Research from McKinsey Global Institute, which reviewed savings rates in Germany, Italy, Japan, and the US, shows that by 2024 household financial wealth in those four countries will be US$31 trn less than it would have been if earlier trends had continued.

Lower savings rates would have an ominous implication for Asia. Economic studies conducted in the 1990s – most notably by economist Alwyn Young – examined the causes of Asia’s remarkable economic expansion up to that point. As UBS economist Jonathan Anderson explains in an article that appeared last year in the Far Eastern Economic Review, the cause wasn’t greater productivity. It was, quite simply, Asia’s high rate of investment.

And what drove that investment? It wasn’t government-directed investment, but high levels of savings. From 1965 to 1995, the US gross domestic savings rate averaged 18% of GDP and the economy invested 17% of GDP. Over the same period, by contrast, Asian countries saved 32%, on average, which allowed them to invest 31%.

In other words, lower savings will translate into lower growth. And for companies, lower growth means fewer opportunities.

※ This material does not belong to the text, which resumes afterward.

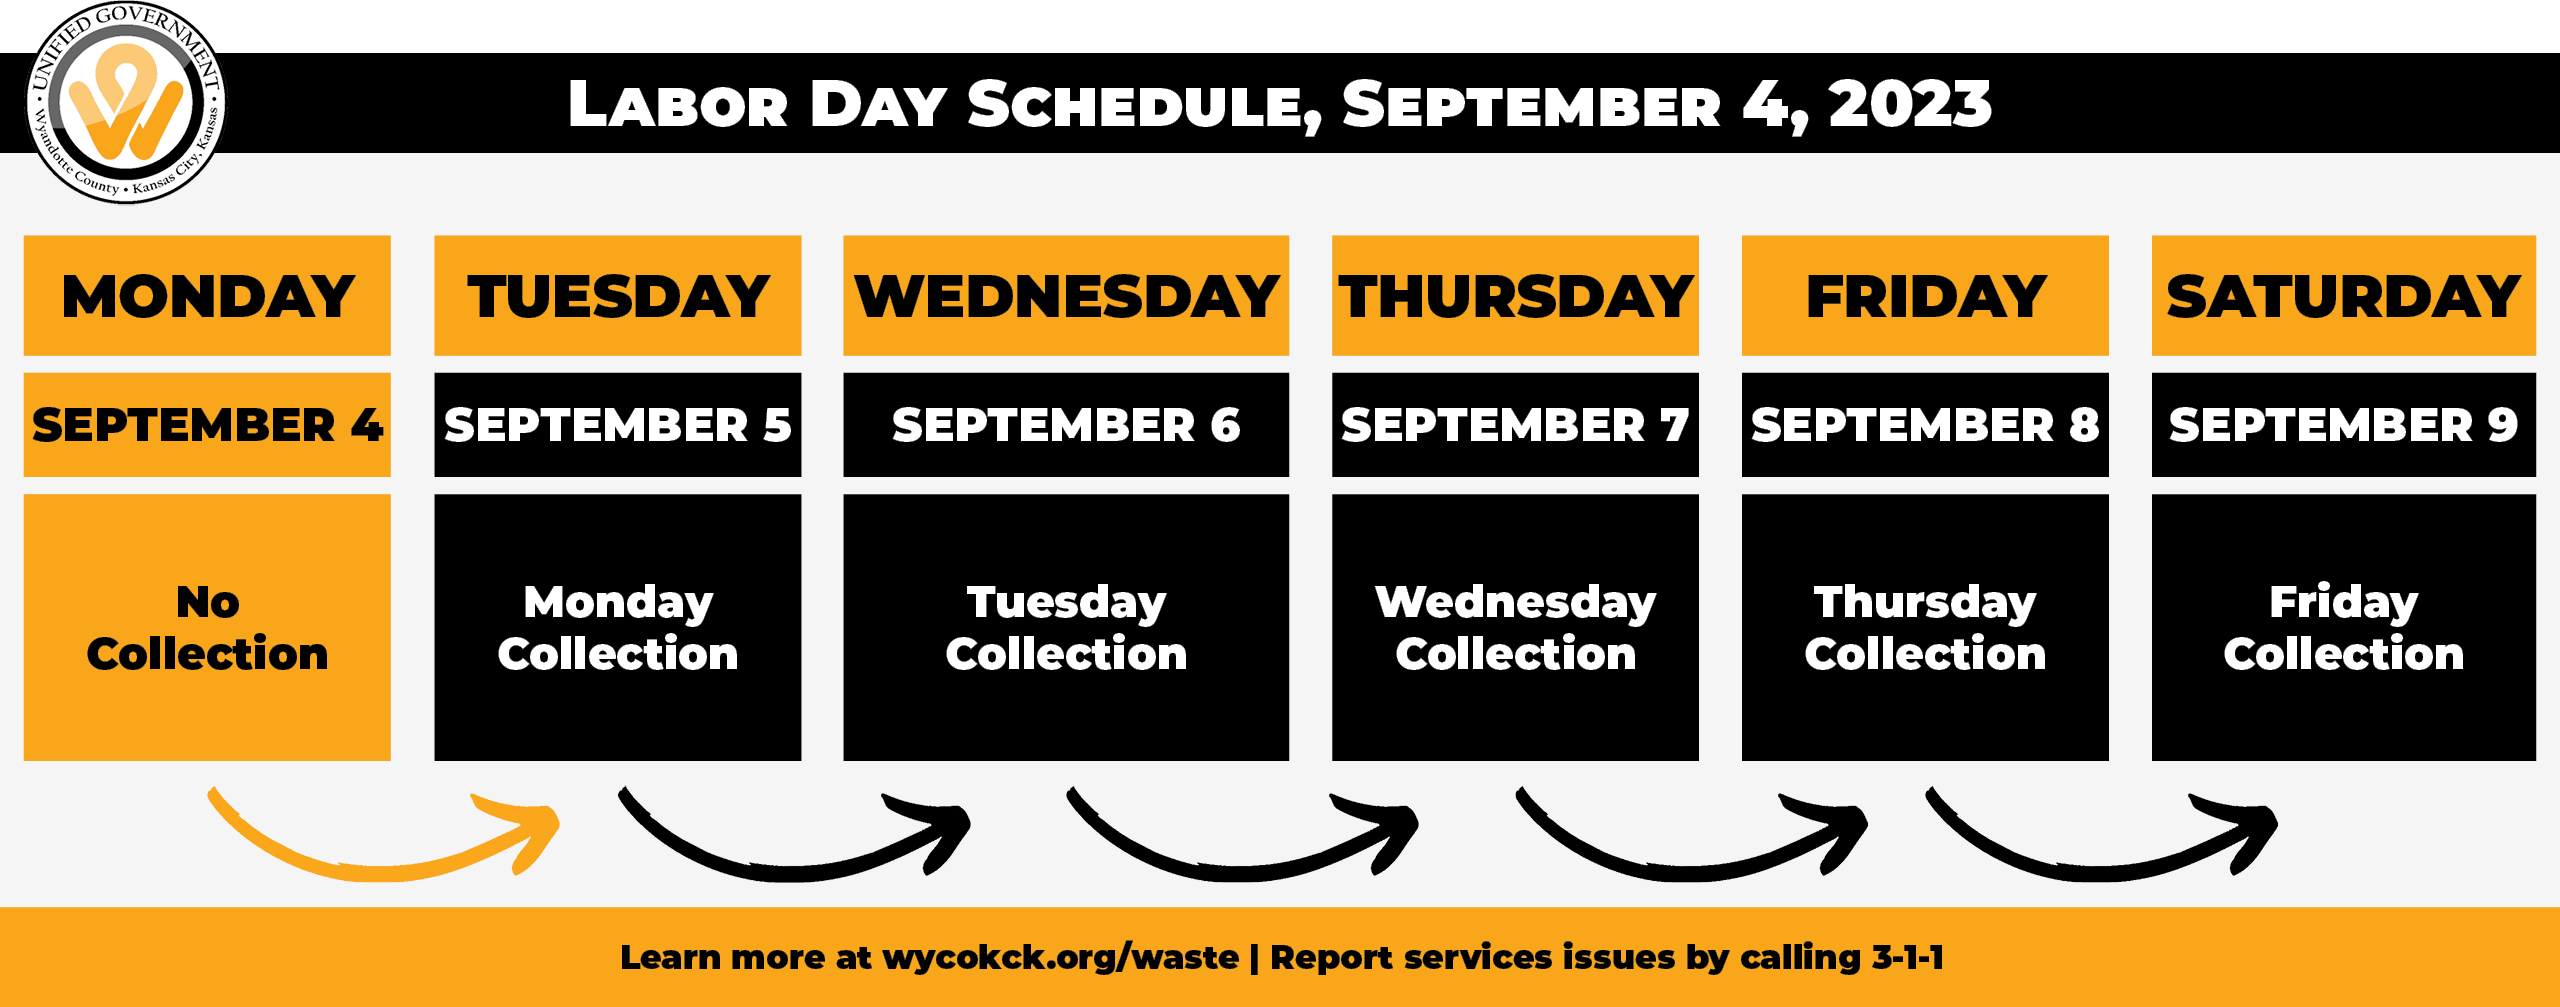 A graphic showing the residential trash and recycling collection schedule for Labor Day 2023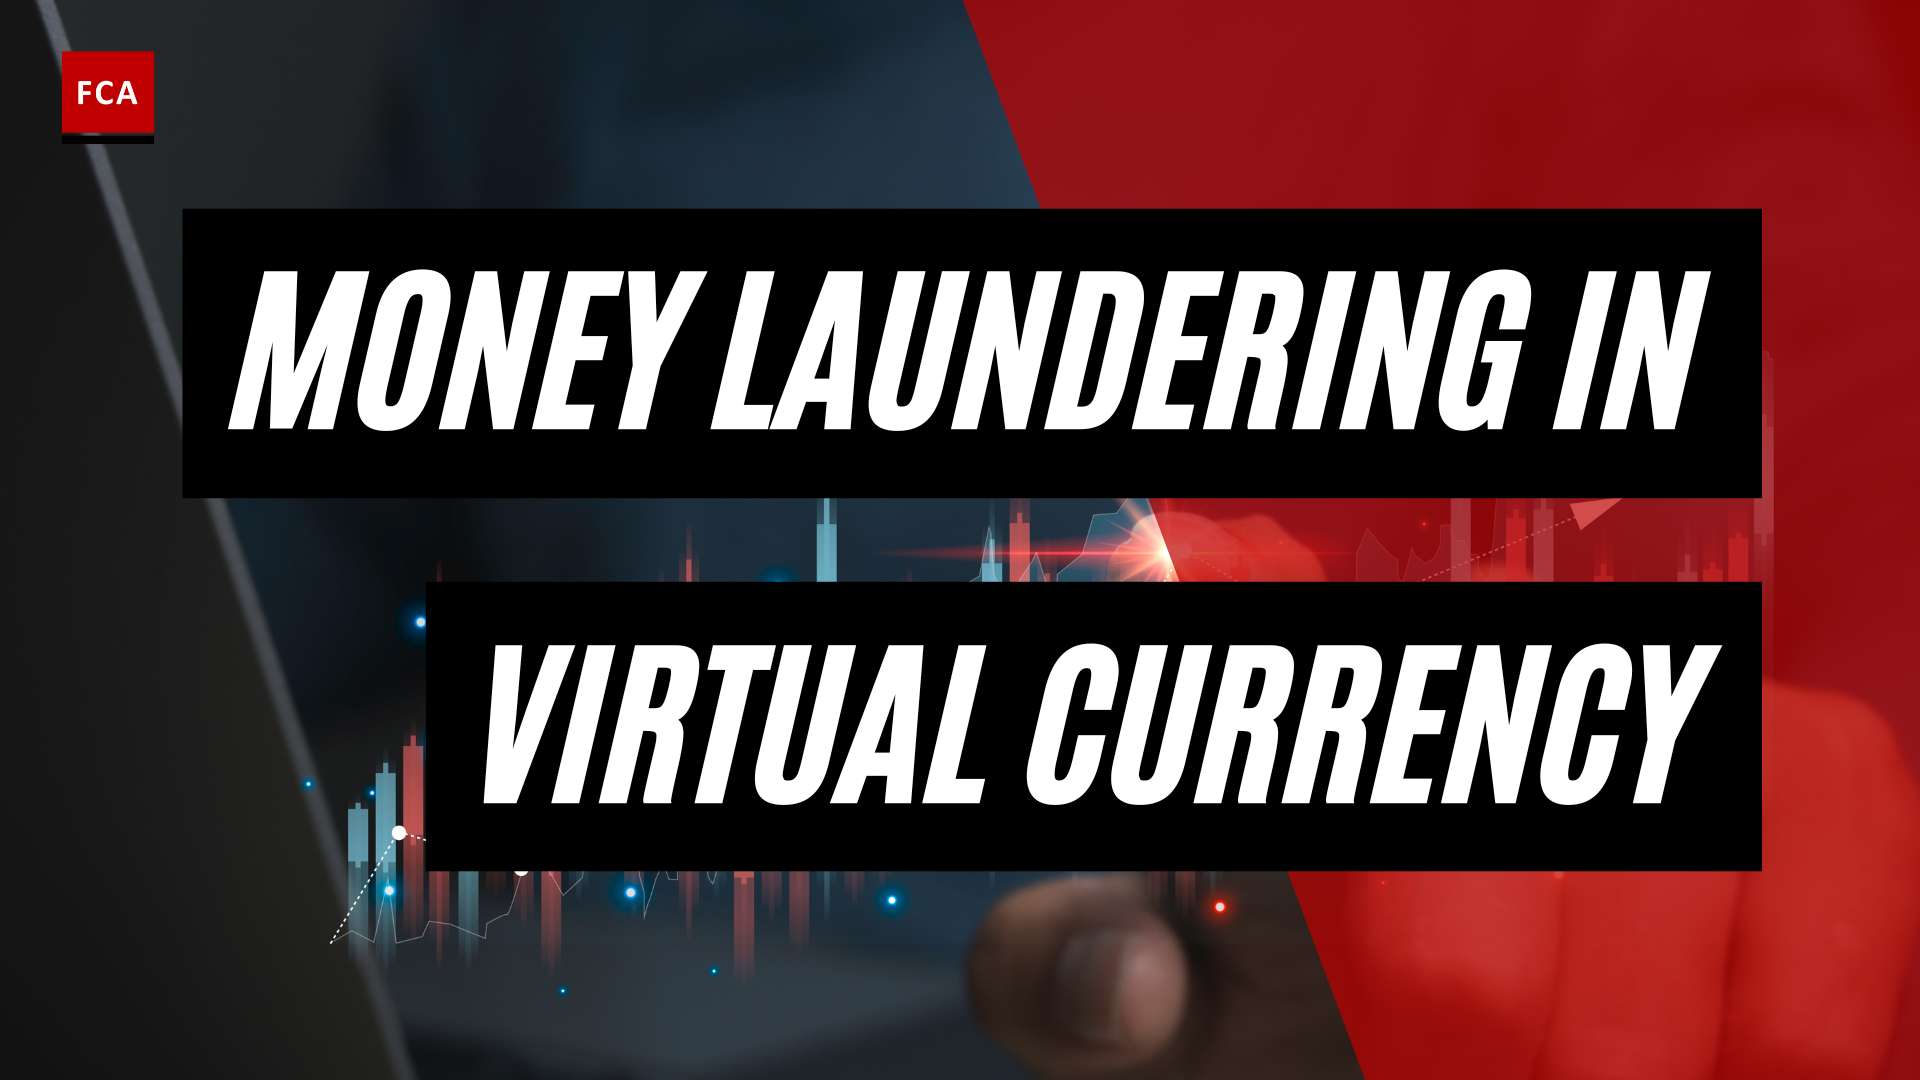 Virtual Currency, Real Consequences: The Dark Side Of Money Laundering

What can be done to bolster savings? The McKinsey study suggests that the usual solutions, including allowing more immigration, promoting higher birthrates, and lifting the retirement age aren’t likely to make much difference. What would help is achieving higher rates of return for savings and encouraging young people to save more. Neither is simple. Higher rates of return could require further liberalizing financial services, among other steps. Higher savings might be helped by requiring automatic enrollment for young workers in retirement schemes. It’s not too early to start stemming the effects of old age.